Watch These Residential Demand Response Trends

If executed properly, demand flexibility programs like demand response (DR) programs, EV managed charging, or virtual power plants are increasingly critical tools in ensuring the evolution of the modern utility business model. If not, high capital costs and failed targets will result in organizational waste with minimal benefit to the utility or the ratepayer. These programs are realized through the use of distributed energy resources (DERs) like solar, battery, electric vehicles & EVSE, and smart home devices like water heaters and thermostats, aggregated and dispatched through a distributed energy resource management system (DERMS). Altogether, these technologies open up many opportunities for enterprising utility program managers and grid operators, but the times are changing: how can utilities keep up with the technological and regulatory changes happening right now?

Beyond AMI

Despite the rapid rise of new technologies in this space, Advanced Metering Infrastructure (AMI) has proven helpful to utility program managers running demand response programs. Installing AMI provides a number of advantages to utilities around billing, load planning, and running basic DR programs. But it remains a high-cost/low-flexibility system that can create more problems than it solves.
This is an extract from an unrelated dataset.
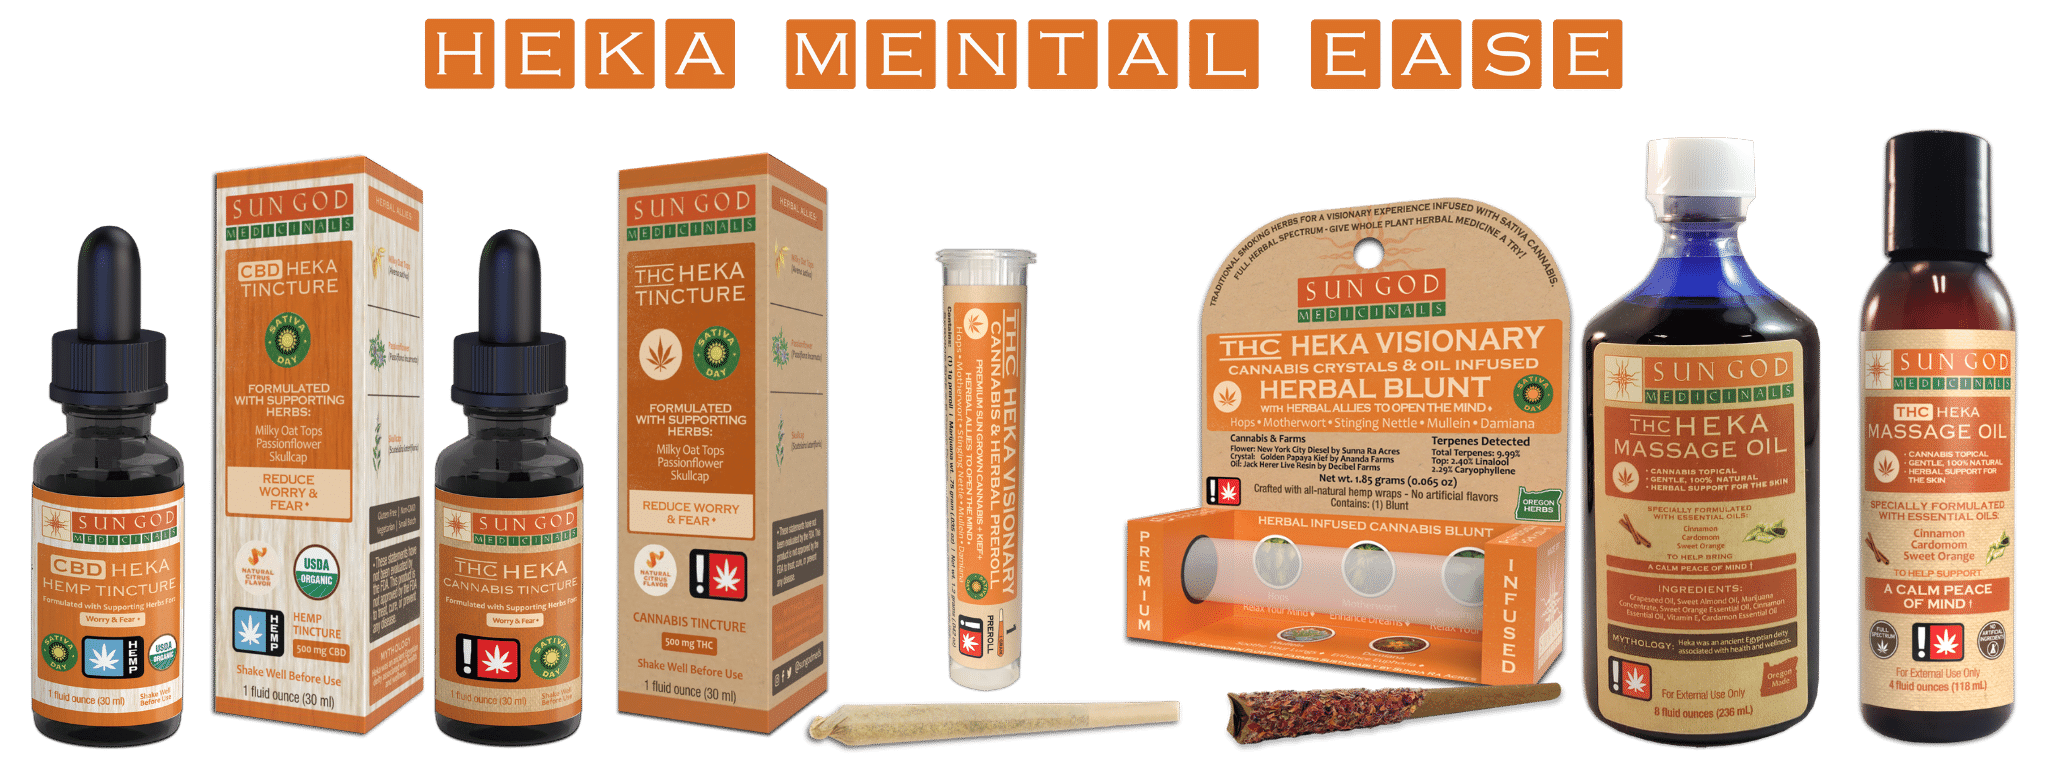 Herbal Products For Mental Ease and Mood Support - by Sun God Medicinals

With more Wifi-enabled devices now than ever, an ever expanding Internet of Things (IoT), and increasing access to broadband technologies, AMI technologies remain helpful, though not critical in order to run demand response programs. For example:

  • Installing AMI is not only expensive but is also insufficient to meet the demands of more sophisticated residential customers.
  • As smart devices become more ubiquitous, effective energy management platforms have developed to help utilities assess energy use at not just the house-to-house level, but also device-to-device.
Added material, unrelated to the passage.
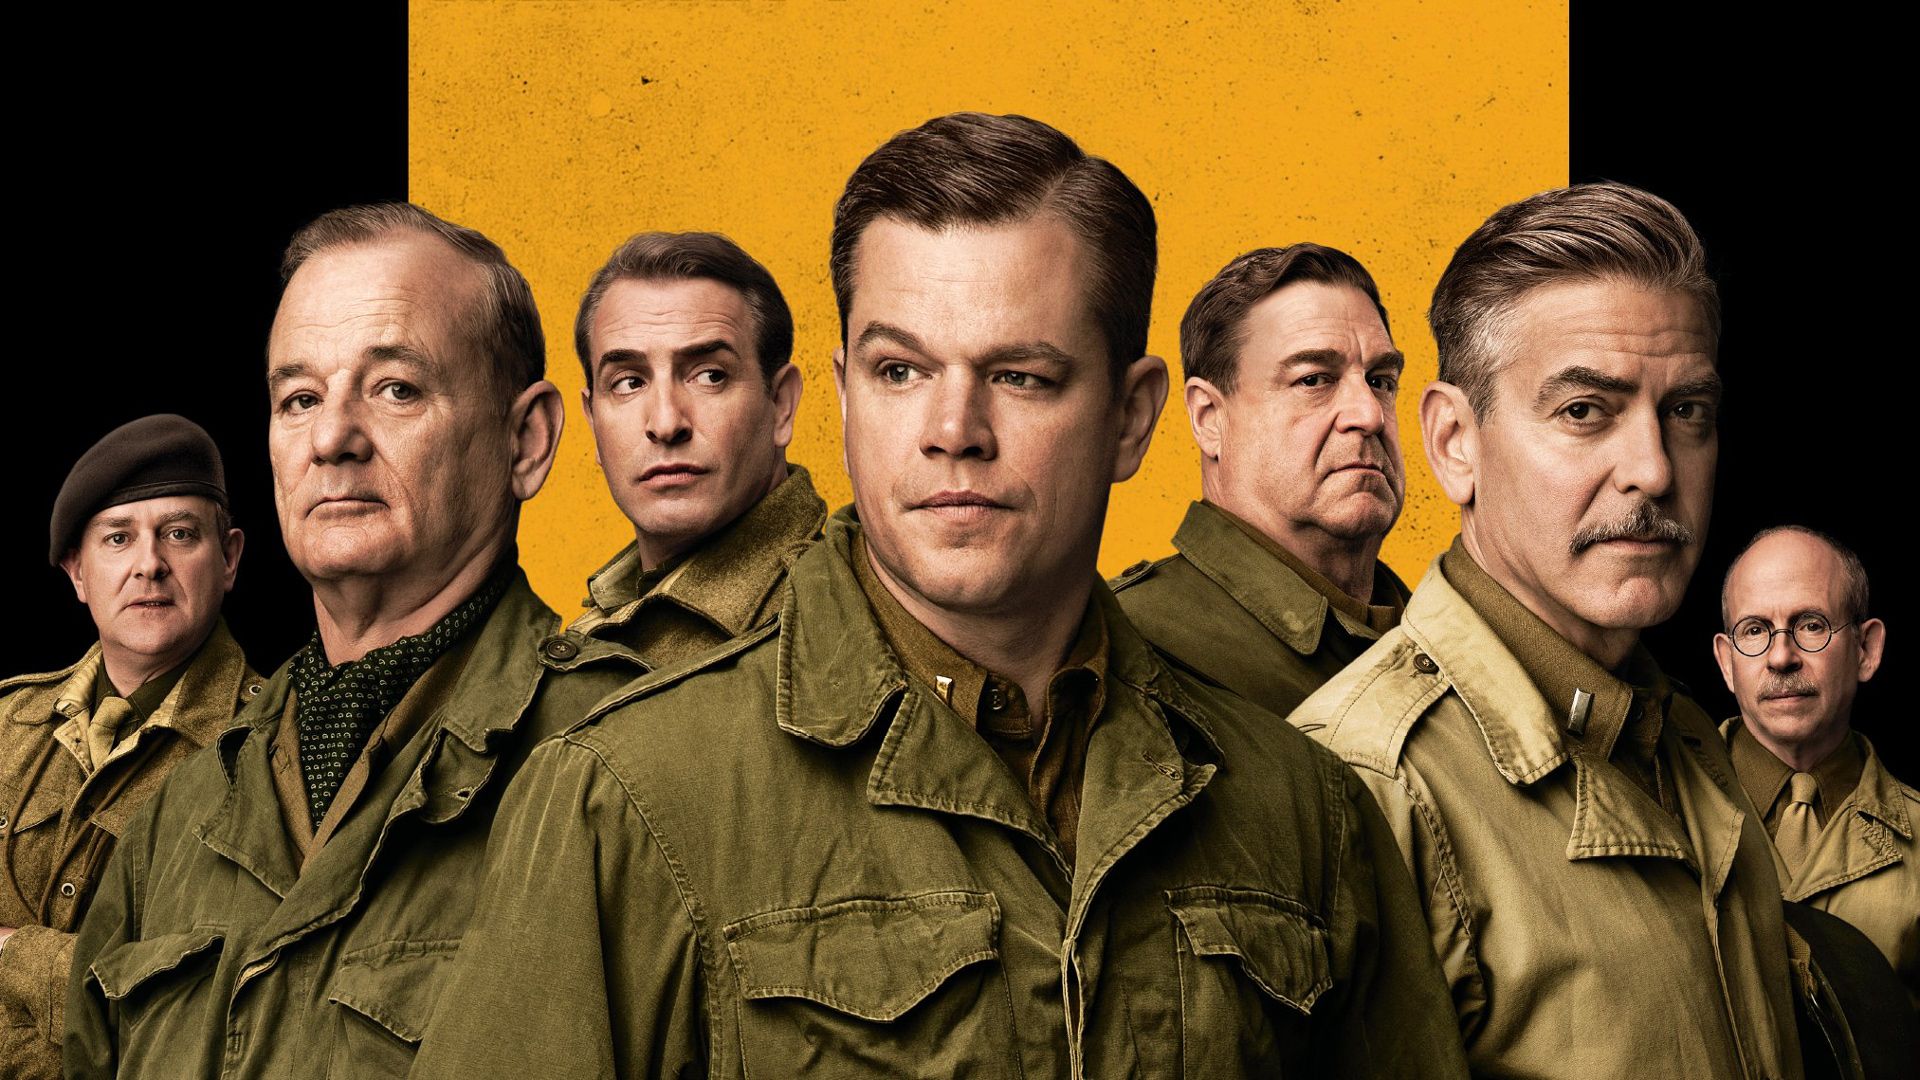 The Monuments Men background

While AMI can link to some existing smart devices, its capabilities in this area are limited. Because of this limitation, AMI’s ability to adapt to residential customer needs is minimal. Demand response programs must be flexible enough to react to shifts in demand usage, technology frameworks, and customer needs. Fortunately, DERMS suites have evolved to include functionality like:

  • Topline demand control (TDC) – A control strategy that optimizes distributed energy resources (DERs), providing with grid operators the precise amount of energy that they need, and reliably so every time.
  • Flexible dispatch – Part of any robust DERMS system, flexible dispatch unlocks DER value by leveraging distributed energy across a spectrum of use cases and program types, improves grid resilience by enabling distribution constraint management technologies, and allows utilities the ability to localize their dispatch.

Beyond Thermostats

Smart thermostats are, perhaps, the most commonly employed technology in demand response and other demand flexibility programs. While smart thermostats are a commonly available manageable device type, there are a variety of parallel device types that allow utilities to expand their demand response opportunities. From water heaters to EVSE, there are many opportunities for program managers and grid operators.
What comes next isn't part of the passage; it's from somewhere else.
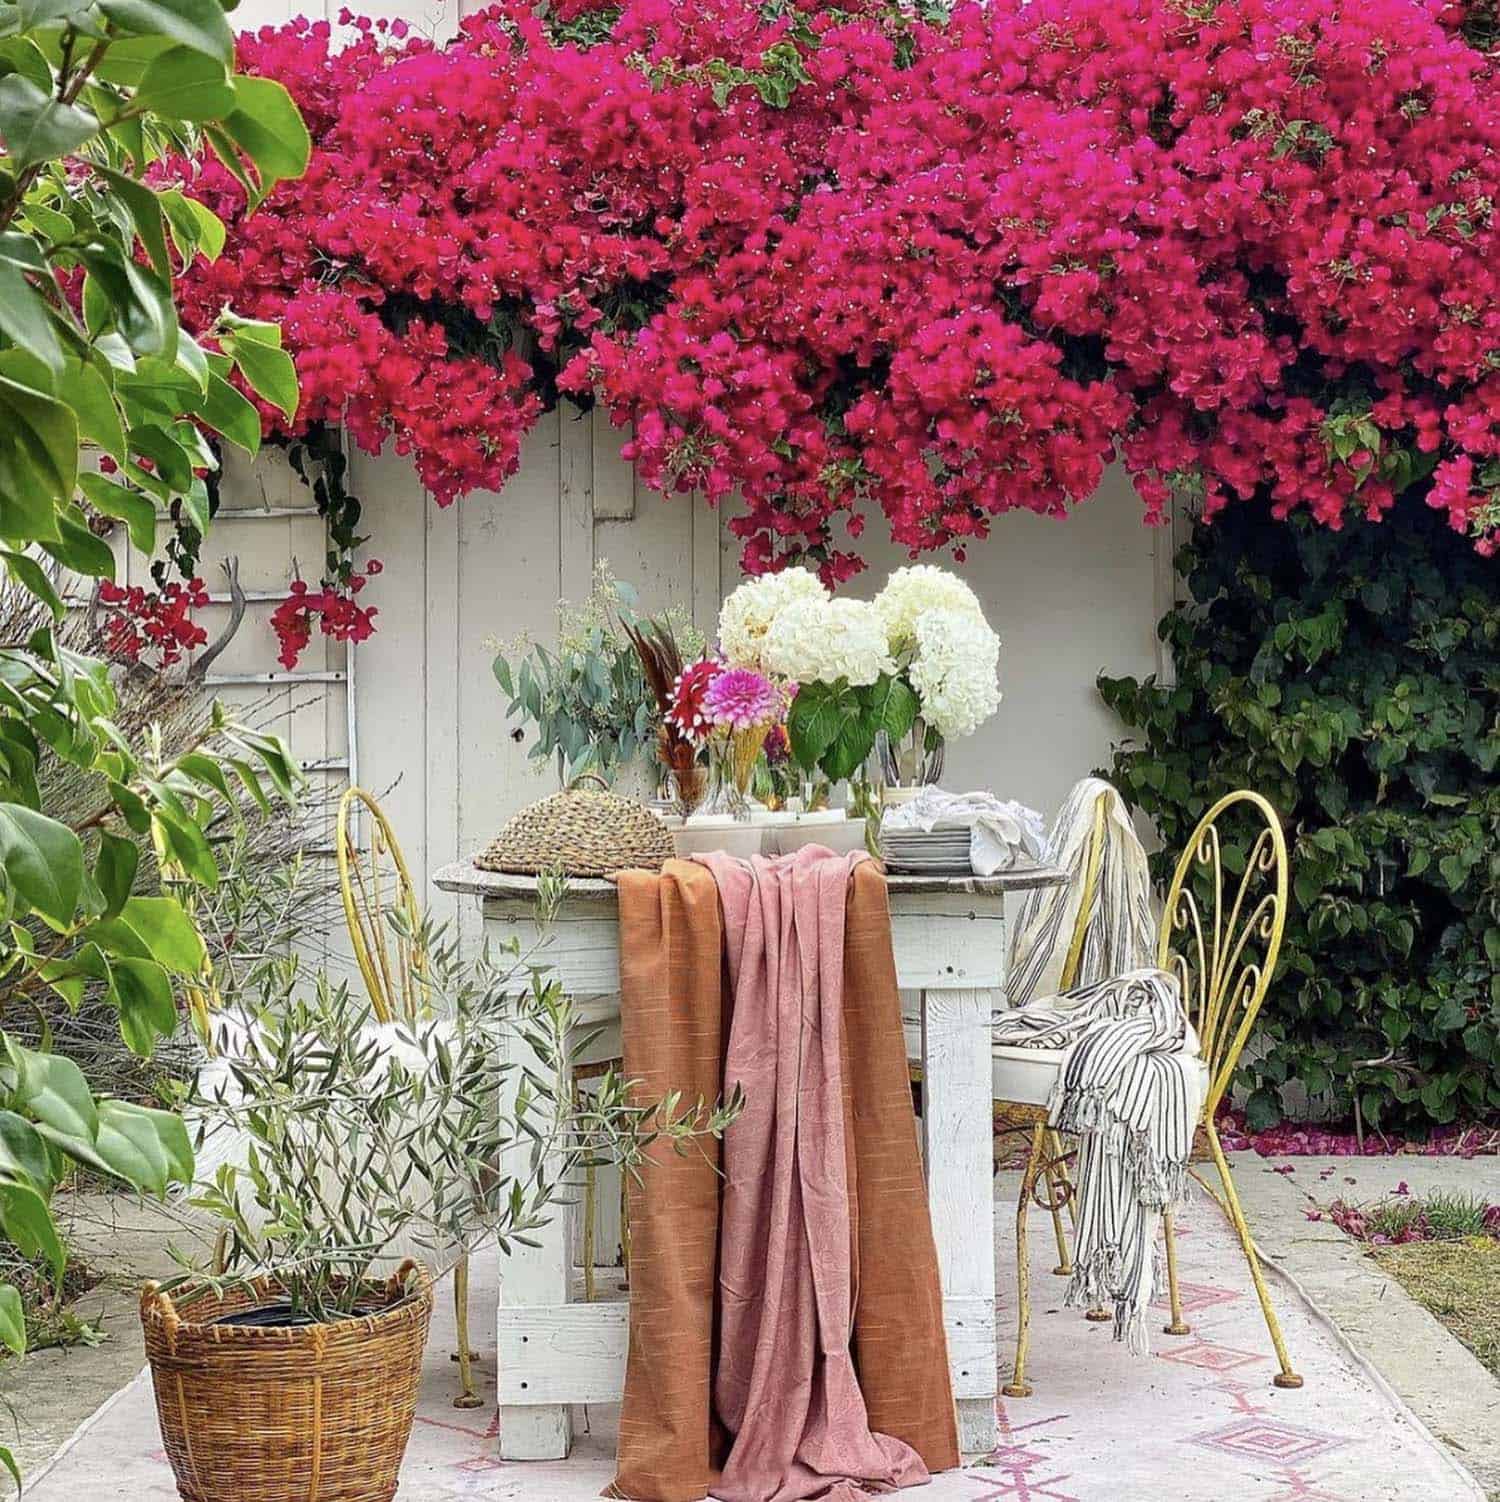 alfresco dining with a bougainvillea backdrop

Water heaters with their high energy use and more flexible use schedule are better energy stores (virtual batteries) and demonstrate lower impacts on a homeowner. This device type informs the PowerMinder program from SMUD, which uses compatible water heaters—heavily insulated devices that can be preheated. In this example, outside of customer engagement efforts program participants are often unaware that a demand event is operating.

Of course there are plenty of other smart home devices for use in demand response or other parallel demand flexibility programs For example, electric vehicles and EVSE provide smart load management solutions for utility program managers and grid operators. For years now, residential EV chargers have been installed quickly and represent huge load upside and (equally huge) operational challenges for utilities. Furthermore, room A/Cs and Mini-split heat pumps can be used to retrofit existing homes for higher levels of comfort but also have substantial energy requirements that can be managed during demand response events.

The ability for demand response  programs to speak to smart devices of any kind gives that program more potential to drive higher benefits for both the ratepayer and the utility. Additionally, demand flexibility programs like demand response defer the incredibly high costs associated with upgrading the U.S. electric grid, all while providing the proven—and now reliably reproducibly so with TDC—aggregate demand resources that utilities need to balance the grid. If you want to balance the grid affordably, increase grid resiliency, and improve customer satisfaction, demand response provides you a direct path.

Beyond Demand Response

It’s no secret that distributed power sources like residential rooftop solar or in-home battery systems catapult the complexity of residential DR to a broader load-balancing problem.

Effectively dispatching distributed resources creates enormous opportunities for both the utility and the homeowner. And as more utilities move in the direction of Time-Of-Use (TOU) pricing for residential customers (in addition to what is already provided to industrial and commercial users), more sophisticated dispatch and load balancing like the aforementioned flexible dispatching functionality or the assurance of topline demand control remain critical to designing effective incentive programs for ratepayers.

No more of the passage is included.